UPDATE 1-Decrying "witch hunt" against Brexit-backers, Banks shuns UK lawmakers

(Adds detail) By Alistair Smout LONDON, June 8 (Reuters) – Arron Banks, the founder of Brexit campaign group Leave.EU, pulled out of a hearing with a parliamentary committee, saying on Friday it had been conducting a witch hunt of those who want Britain to leave the European Union.
The media committee has been examining how the 2016 referendum in which Britons voted to leave the EU might have been affected by data-sharing and misuse. Banks and Leave.
EU communications chief Andy Wigmore had agreed to appear before it on June 12. But Banks accused Members of Parliament (MPs) on the committee of being biased against those who wanted to leave the EU.
“It is perfectly clear that the committee, which comprises only Remain-supporting MPs, is conducting a co-ordinated ‘Witch Hunt’ of Leave groups,” he said in a letter to the committee’s chair, posted on the Leave.EU website.
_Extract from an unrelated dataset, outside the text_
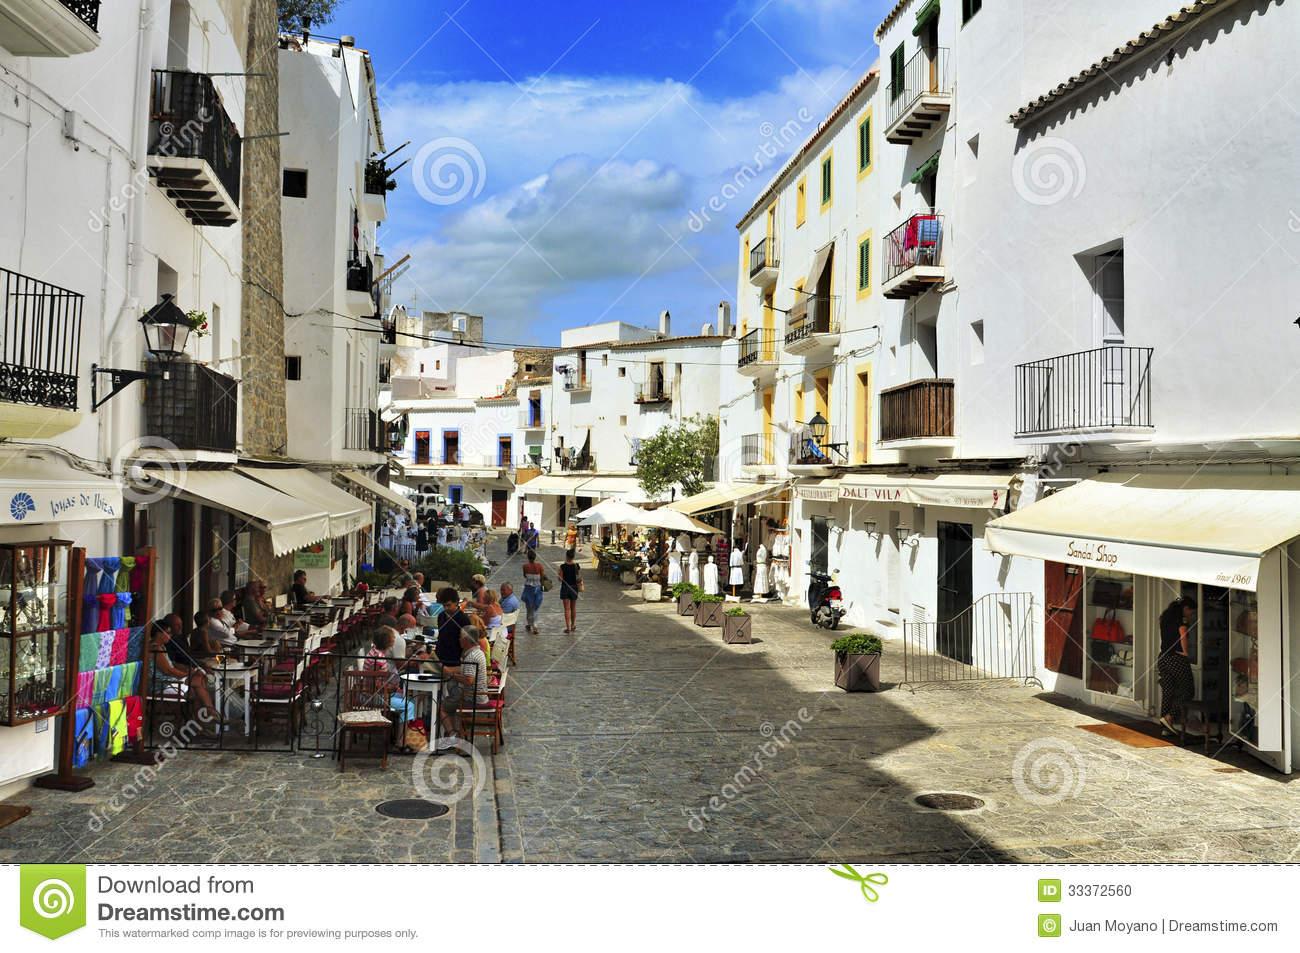 Dalt Vila, The Old Town Of Ibiza Town, In Balearic Islands, Spai.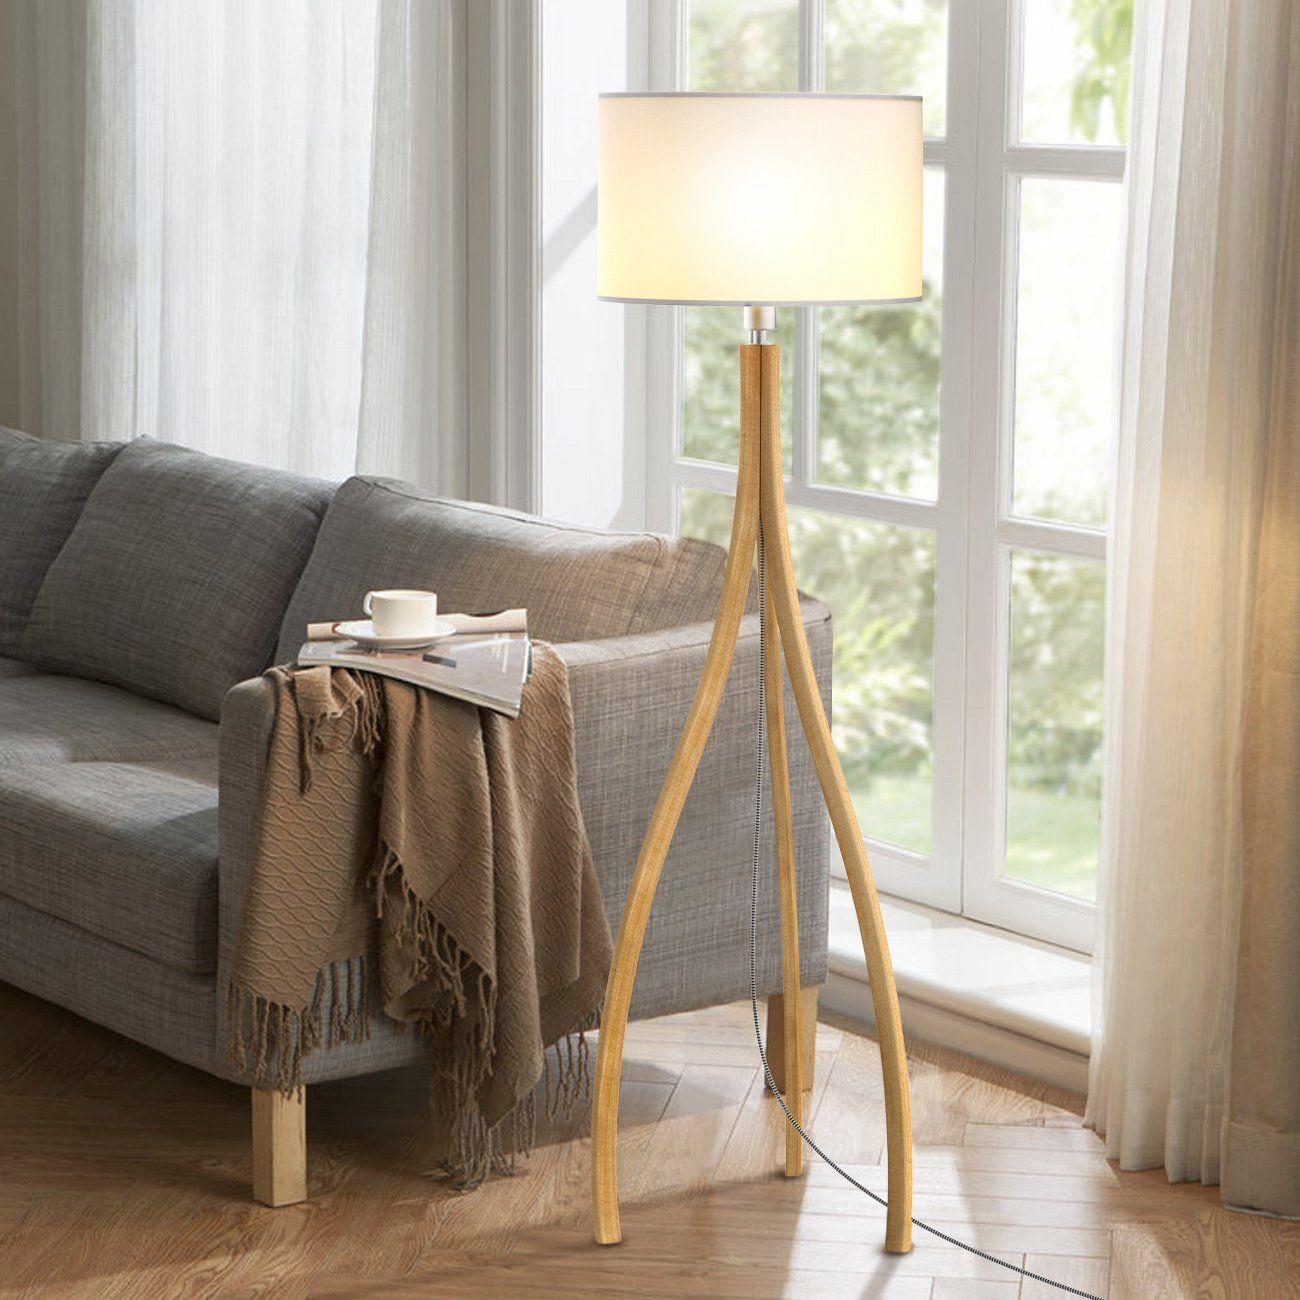 Tomons Modern Artistic Style Wood Tripod Floor Lamp White Tc Cloth Shade E26 E27 Bulb Base 160cm 63inch Height Tripod Floor Lamps White Tripod Floor Lamp Lamp

“I am writing to inform you that Andy Wigmore and myself will not be appearing before the committee on the 12th June.” A committee spokeswoman confirmed that the letter had been received and that the committee was considering its response.
The lawmakers have questioned senior figures from Facebook and Cambridge Analytica as part of its investigation into “fake news” after the data of millions of Facebook users was improperly shared with the consultancy. Cambridge Analytica was hired by Donald Trump’s presidential election campaign in 2016, and also pitched to Leave.
EU. However, the campaign group and the consultancy both said that no work was done on the referendum.
The Electoral Commission, which regulates votes in Britain, found no evidence that Leave.EU received donations or paid-for services from Cambridge Analytica.
But it has fined Leave.EU for campaign finance breaches which Banks has said he will appeal.
The regulator is also investigating Vote Leave, which won official designation as the lead Brexit campaign group ahead of Leave.EU.
The media committee has summoned Vote leave’s communications chief Dominic Cummings to answer questions, but he has refused. On Thursday Britain’s parliament took the rare step of ordering him to appear.